2.5 Byte Pair Encoding (BPE)

BPE is a method for splitting rare or unseen words into subwords, reducing the size of the vocabulary while improving generalization.
Example:
Word: "unimaginable"
Subwords: ['un', 'imagin', 'able']
This technique ensures efficient encoding of diverse linguistic structures.

2.6 Data Sampling with a Sliding Window

A sliding window generates overlapping input-target sequences, enabling models to capture continuous context efficiently.
Example:
- Input Sequence: ['The', 'cat', 'sat']
- Target Sequence: ['cat', 'sat', 'on']
This approach ensures robust learning from limited datasets.
Example Implementation

import torch
from torch.utils.data import Dataset, DataLoader

class GPTDatasetV1(Dataset):
   def __init__(self, txt, tokenizer, max_length, stride):
      self.input_ids = []
      self.target_ids = []
      token_ids = tokenizer.encode(txt)    
      for i in range(0, len(token_ids) - max_length, stride):     
         input_chunk = token_ids[i:i + max_length]
         target_chunk = token_ids[i + 1: i + max_length + 1]
         self.input_ids.append(torch.tensor(input_chunk))
         self.target_ids.append(torch.tensor(target_chunk))

   def __len__(self):    
      return len(self.input_ids)

   def __getitem__(self, idx):         
      return self.input_ids[idx], self.target_ids[idx]

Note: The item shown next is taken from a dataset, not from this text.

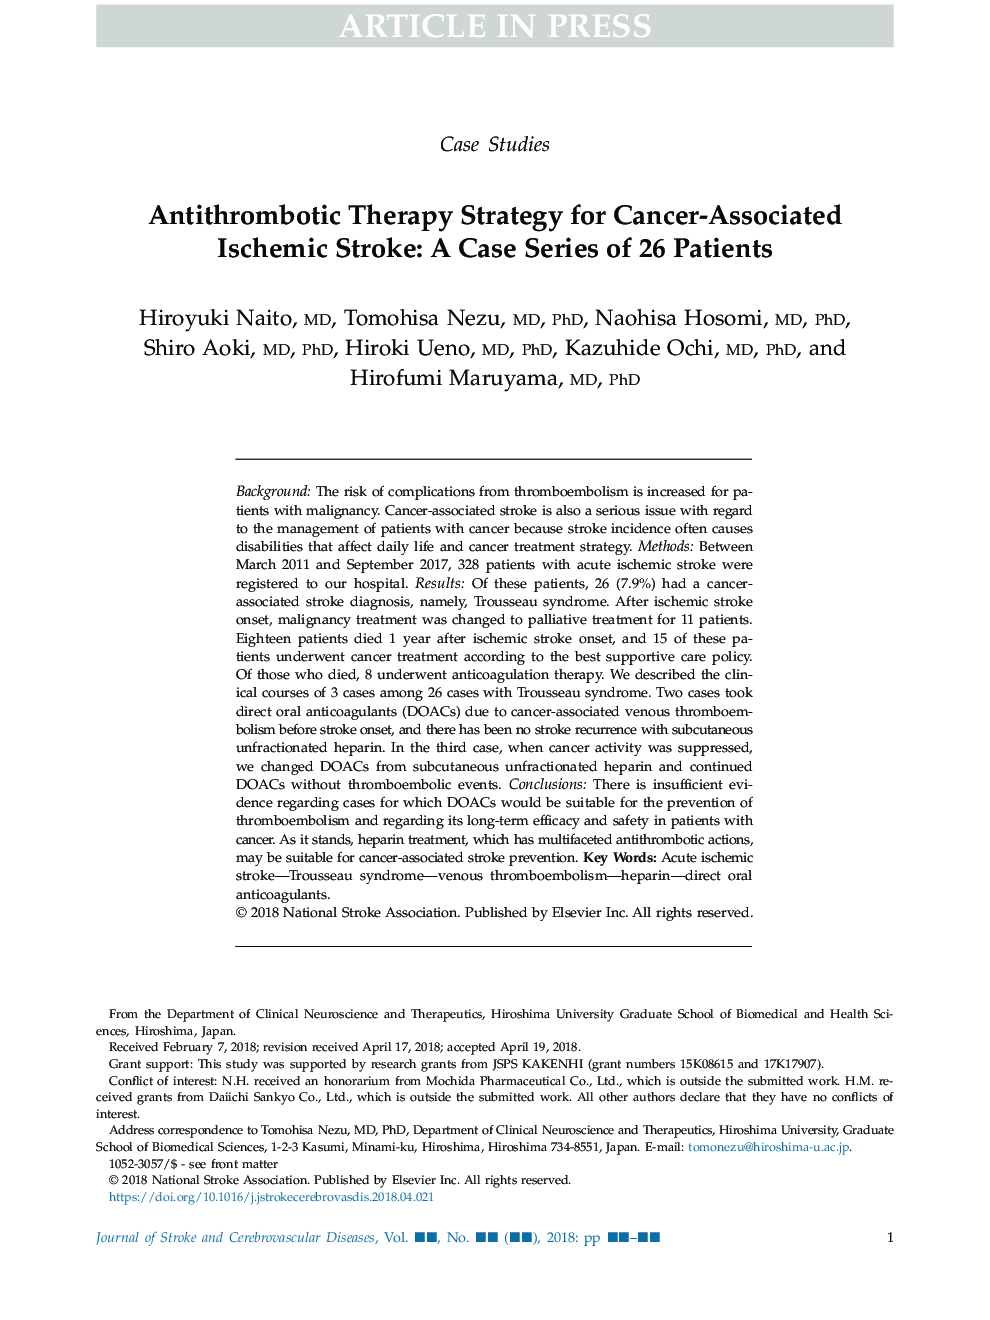 استراتژی درمان آنتی ترومبوتیک برای سکته مغزی ایسکمیک مرتبط با سرطان: یک سری موارد از 26 بیمار 
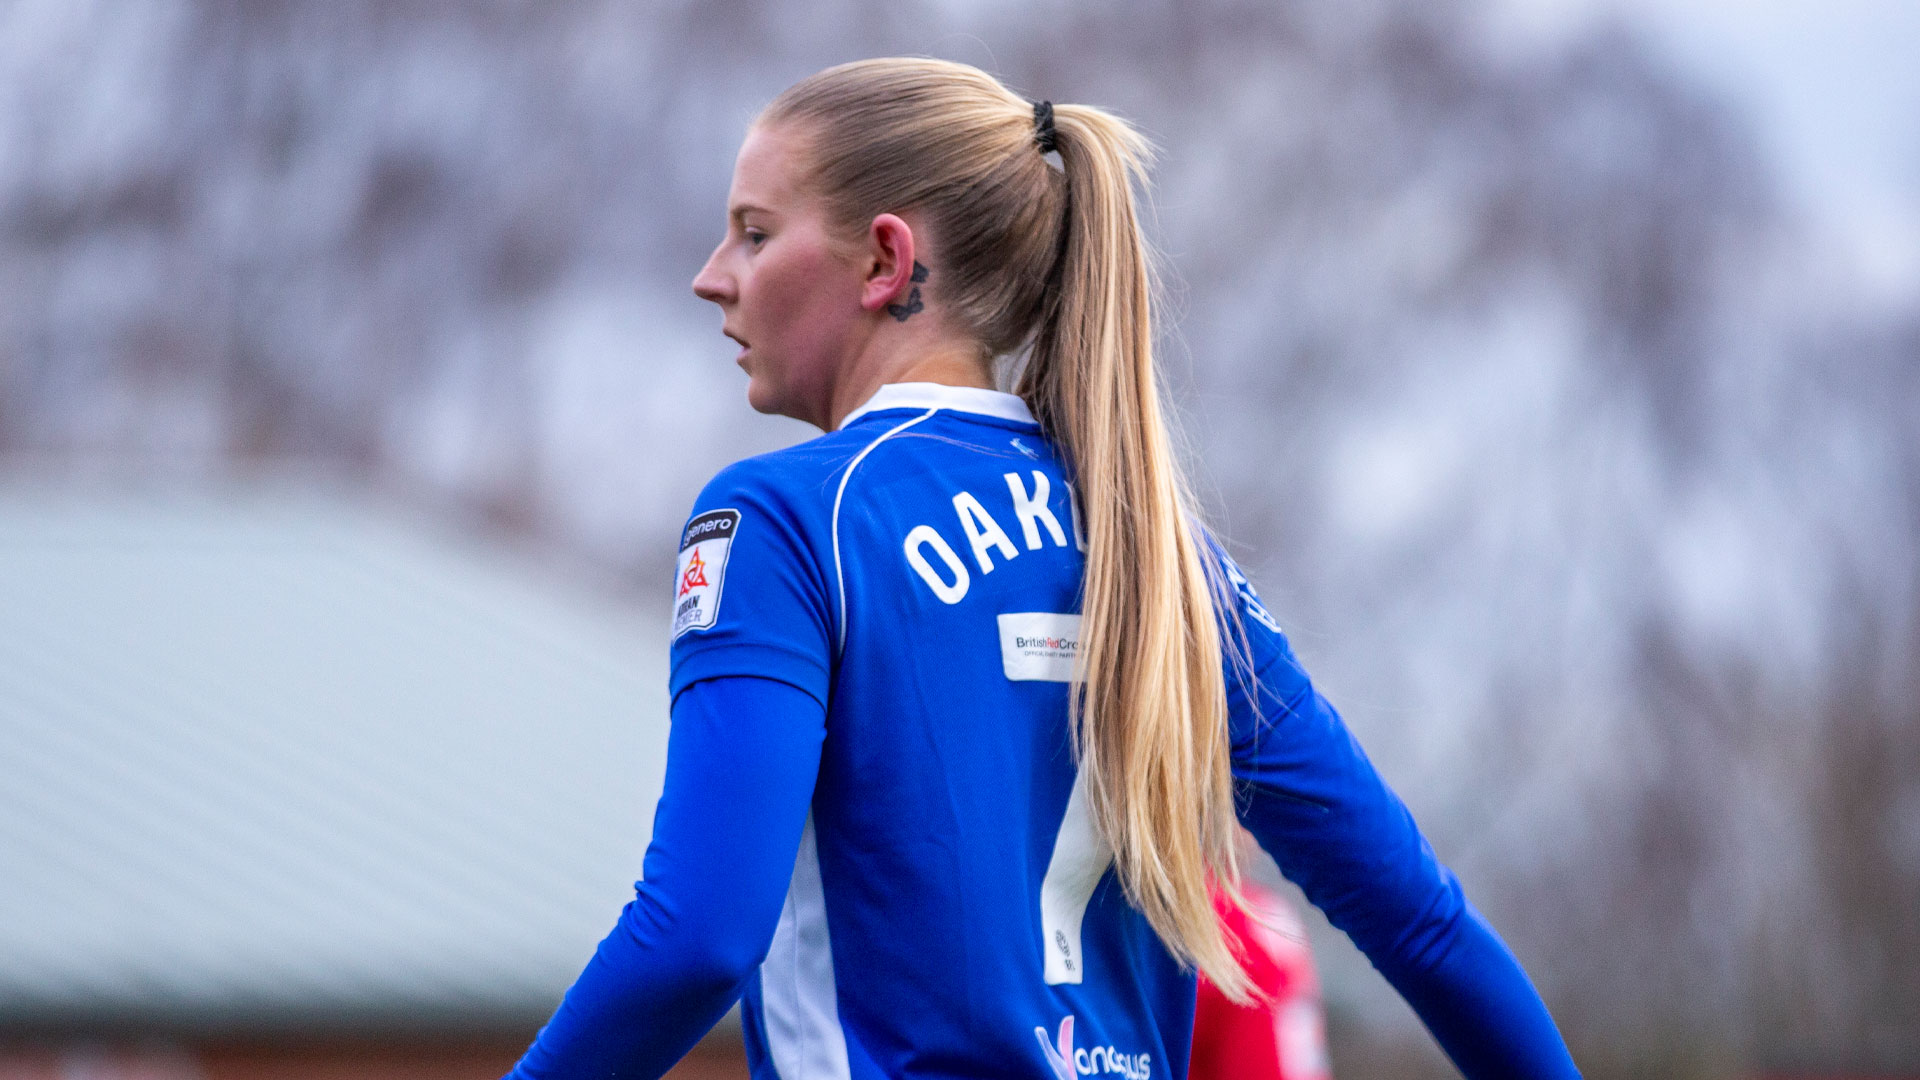 Rhianne Oakley in action for Cardiff City Women

2.7 Creating Token Embeddings

Token Embeddings map token IDs to high-dimensional dense vectors optimized during training.
Each token has a unique vector representation that encodes semantic and syntactic information, essential for deep learning tasks.

2.8 Encoding Word Positions

Positional encoding integrates sequential information into embeddings, enabling models to understand the order of tokens.
We can use two broad categories of position- aware embeddings: relative positional embeddings and absolute positional embeddings.
Methods like sinusoidal encodings are commonly used, ensuring unique positional information for each token.

Summary

Chapter 2 provides an in-depth exploration of preparing text data for training large language models. From tokenization and vocabulary creation to embedding generation and positional encoding, this chapter equips readers with the foundational tools for processing text data. By meticulously structuring text input, these methods enable LLMs to learn complex linguistic relationships, paving the way for effective training and generalization.